EXERCISE: A faithful transcript of all the lines below, with no pictures, is the goal here.

COLLECTED DATA:
- Opening Delimiter -
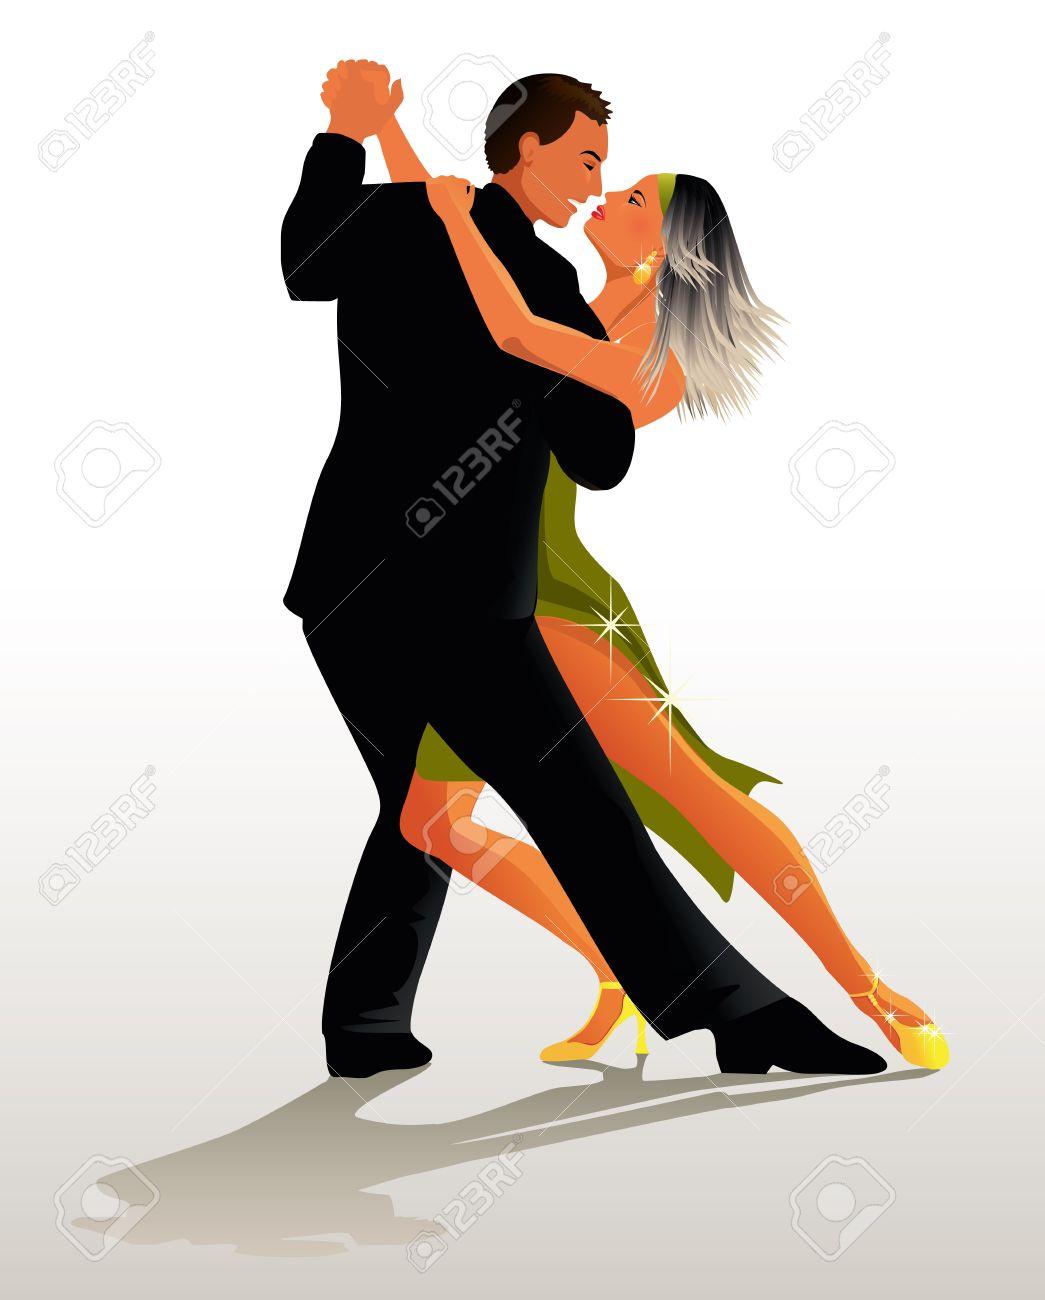 Couple dancing Tango - 16031457
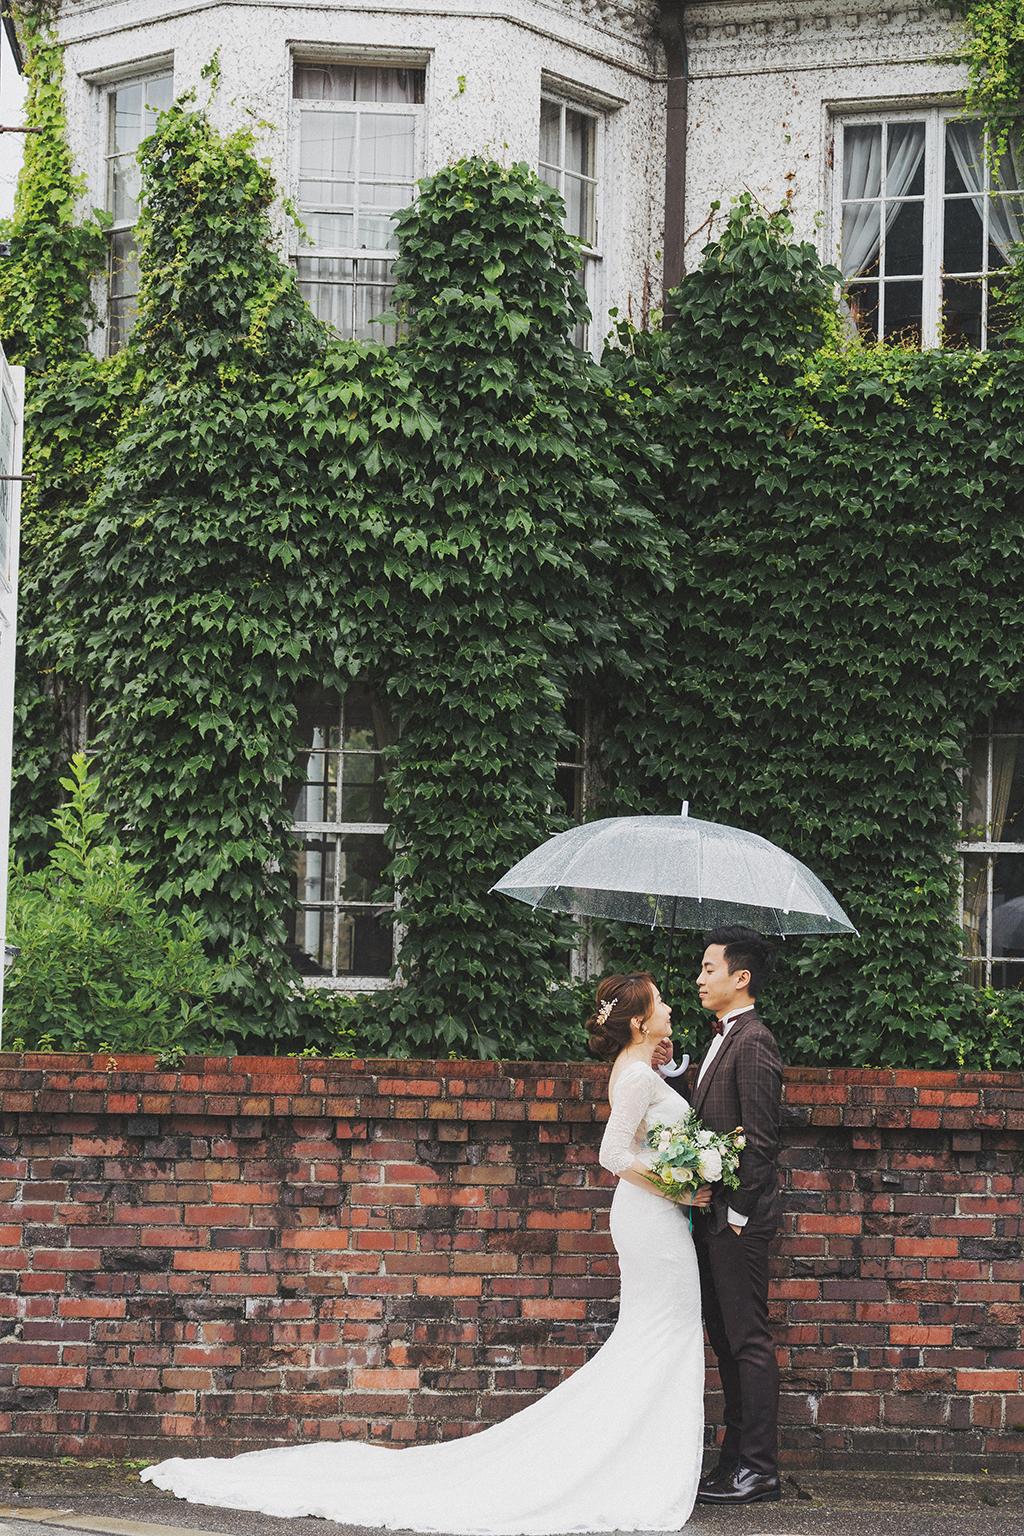 這天的天氣和前一天完全相反,下著綿綿的細雨,透明傘不只是有用途也替陰雨增添了浪漫的氛圍。 真的覺得Monica這身魚尾白紗在Gaspel的優雅氛圍好搭。
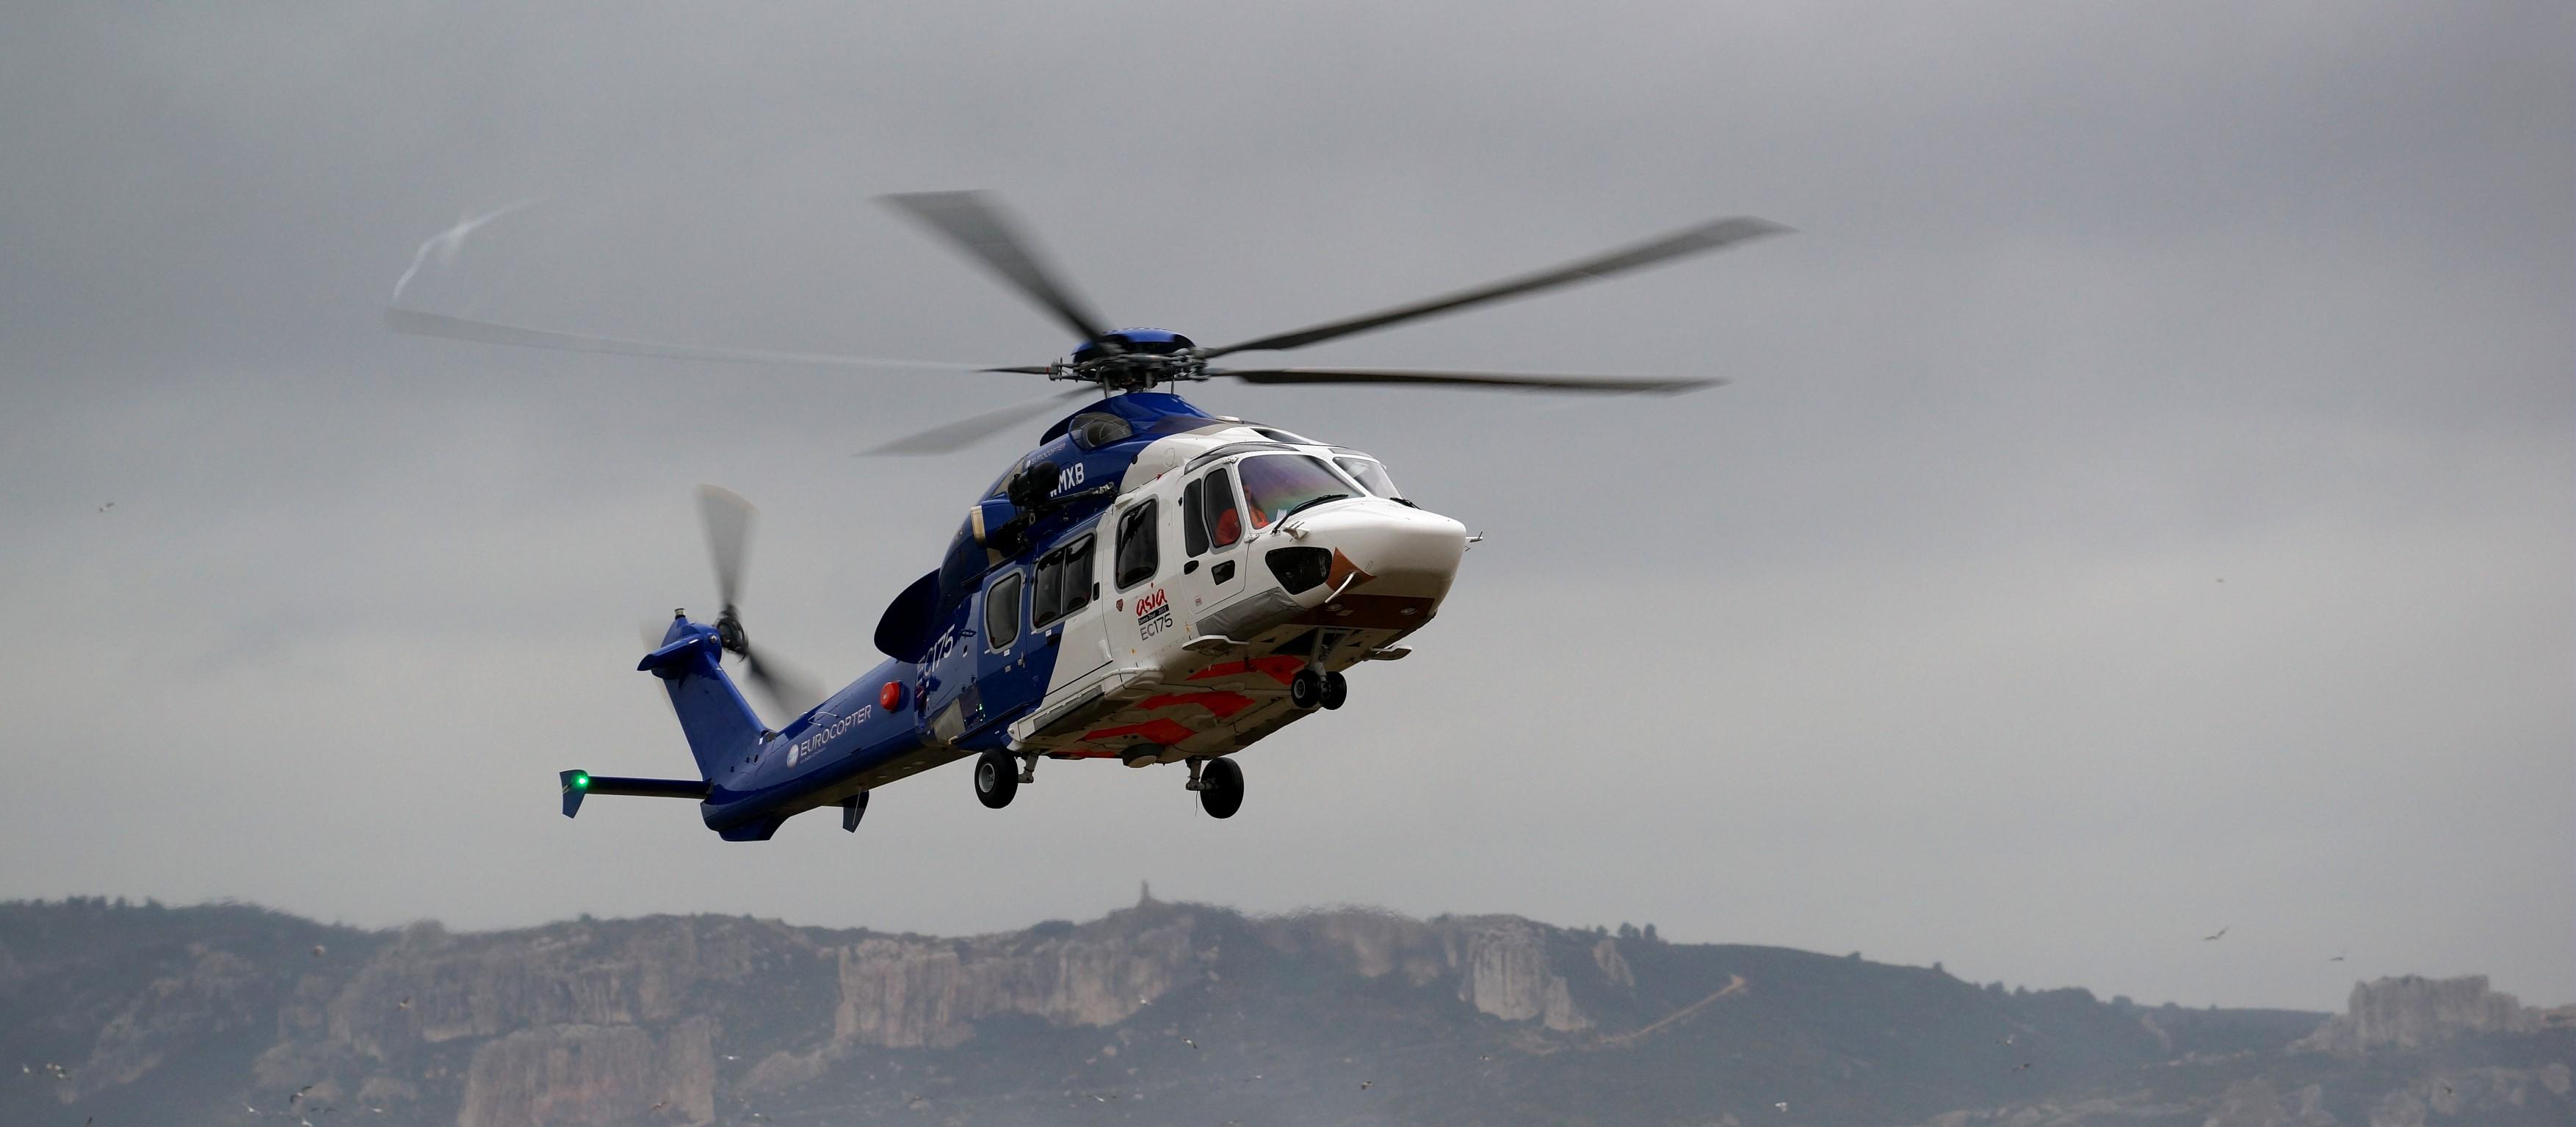 """2014年3月26日,法国巴黎——空客直升机和中航工业直升机公司(中航工业集团专业化生产直升机的板块)签署了共同生产1000架新一代EC175/AC352旋翼机的协议。在巴黎爱丽舍宫,这一协议在法国总统奥朗德和到访的中国国家主席习近平的见证下签署。   该协议加强了空客直升机和中航工业在共同研发的EC175/AC352项目上的工业合作。   空客直升机首席执行官GuillaumeFaury先生表示:""""今日签署的协议是双方团队过去几年密切合作的结果。它为我们双方开启"""
- Closing Delimiter -
ANSWER TO THIS EXERCISE:
 Couple dancing Tango - 16031457
 這天的天氣和前一天完全相反,下著綿綿的細雨,透明傘不只是有用途也替陰雨增添了浪漫的氛圍。 真的覺得Monica這身魚尾白紗在Gaspel的優雅氛圍好搭。
 """2014年3月26日,法国巴黎——空客直升机和中航工业直升机公司(中航工业集团专业化生产直升机的板块)签署了共同生产1000架新一代EC175/AC352旋翼机的协议。在巴黎爱丽舍宫,这一协议在法国总统奥朗德和到访的中国国家主席习近平的见证下签署。   该协议加强了空客直升机和中航工业在共同研发的EC175/AC352项目上的工业合作。   空客直升机首席执行官GuillaumeFaury先生表示:""""今日签署的协议是双方团队过去几年密切合作的结果。它为我们双方开启"""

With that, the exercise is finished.